I remembered that two years ago one of my classmates had been baptized very young. He had been sixteen, insisted that he was ready, that he had tasted enough of Outside—but then he returned to the ways of Rumspringa. He moved outside our community within six months. He had come around for a while to visit his family, wearing his English clothes of jeans and T-shirts, driving his car, and talking about the job he’d found Outside in a factory. He’d also found drugs—meth. His parents kept trying to talk him into coming back, where there would be no temptation. He could go through withdrawal at home, ask the church for forgiveness, go back to where he’d started.
But the Elders said that his visits couldn’t continue. They said that the only way to bring him back into the fold was to reject him. He could not have the best of both worlds. He had accepted the rules when he was baptized, and he should know better. They were confident that the disapproval of his family and community would cause him to come back, dry out, ask forgiveness and rejoin the church, and to live happily ever after. With us.
And so they shunned him. The Bann und Meidung. Under the Bann, he was not permitted on our property. We were not allowed to speak to him, not even if we saw him Outside. We were to turn away from him, cast our eyes and voices away. We were to do nothing to help him. We were to
release him to Outside like a wayward bird and let him find his way back.
It was heartbreaking for his family. I remember seeing him pounding on the door of his house, distraught, but no one would let him in. On the second floor, I could see his mother peering through the curtains, weeping. The only one who greeted him was the family dog.
He drove away and never came back. News came months later that he had died in a car accident. Alcohol was involved. His parents were not permitted to bury their son, and it was rumored that the government Outside had cremated his unclaimed remains. He’d turned against us, and his parents would never see him in heaven.
The Elders said that was God’s will. Gelassenheit.

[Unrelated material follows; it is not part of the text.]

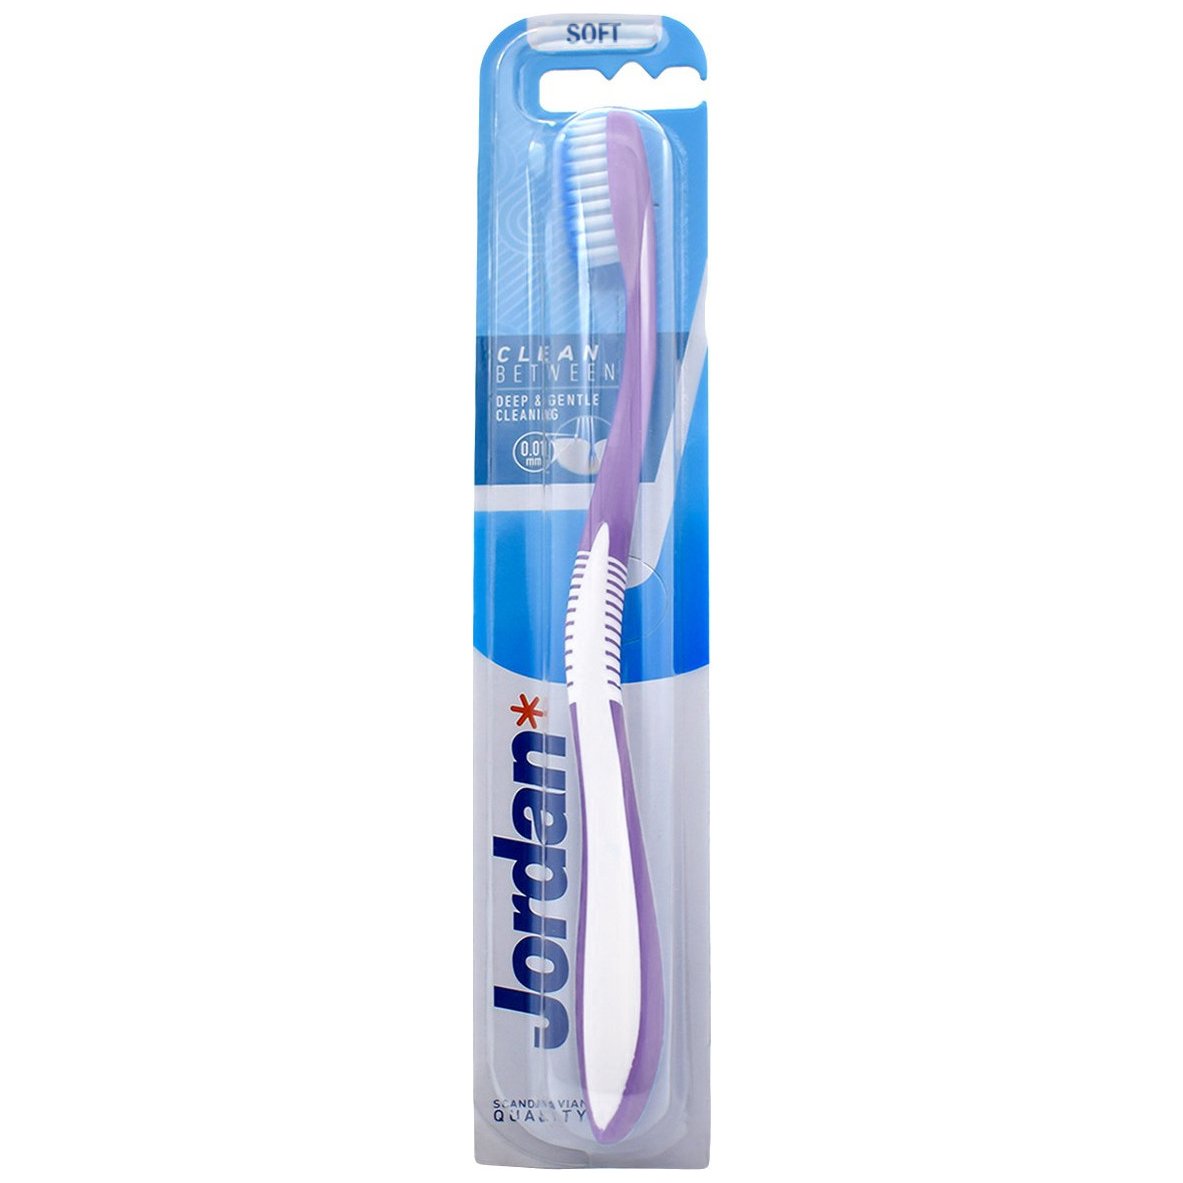 Jordan Clean Between Toothbrush Soft 0.01mm Μαλακή Οδοντόβουρτσα για Βαθύ Καθαρισμό με Εξαιρετικά Λεπτές Ίνες 1 Τεμάχιο, Κωδ 310036 – Μωβ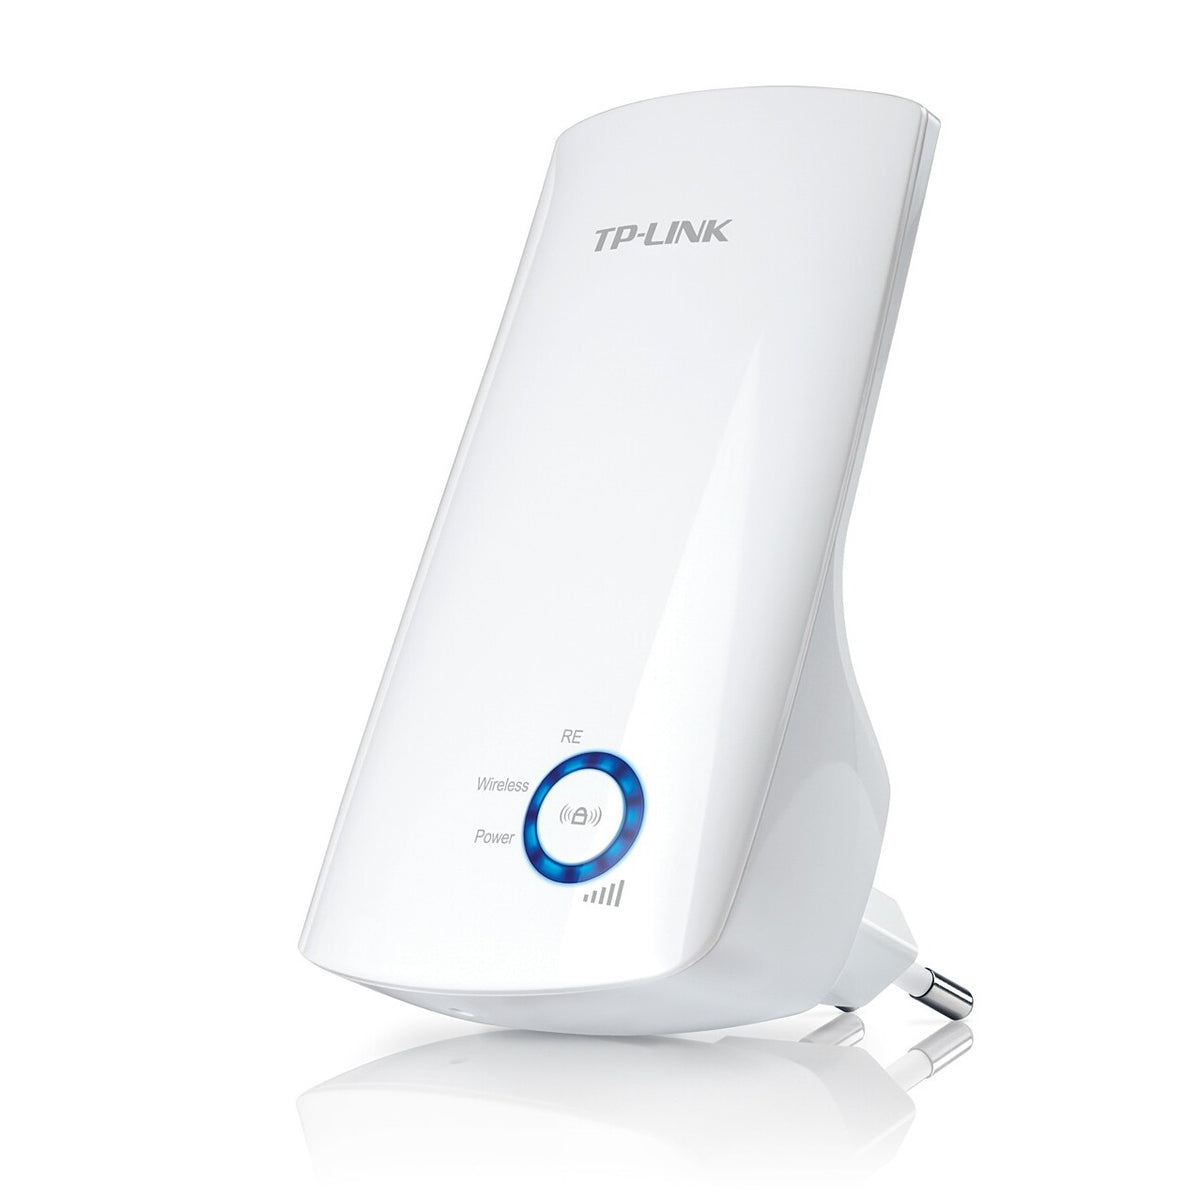 WiFi extender TP-Link TL-WA854RE, N300

And the Elders now said that no one was permitted in or out of the gate. I had defied those edicts twice. I had brought an Outsider in, and I’d ventured Outside myself. I could tell them what I had learned . . . that Outside suffered from a plague of vampires. But could they do anything with that knowledge that they weren’t already doing? They had placed our community in quarantine. That seemed to be working. According to Alex, it would continue to work unless someone invited evil in.
I squeezed my eyes shut. If I told the Elders, I did not know what would happen. I expected that they would throw Alex out to the monsters. For myself . . . I had never seen someone placed under the Bann until after they were baptized. But that didn’t mean they wouldn’t. If they could shun someone for accepting and then renouncing the Ordnung, for the crime of being an addict, they would not hesitate doing the same to me for bringing risk to the community.
And, given what I’d seen and heard today, the Bann would mean certain death.
I sank up to my chin in the now-tepid water. I had failed to follow the Elders’ wisdom. Though they didn’t have all the information, they had chosen the correct course of action through faith.
I had no choice. I didn’t want to die. I didn’t want Alex to die. I would have to keep silent.
But perhaps I could make amends to God, and he could forgive me. Perhaps he would not bring disaster to our doorstep.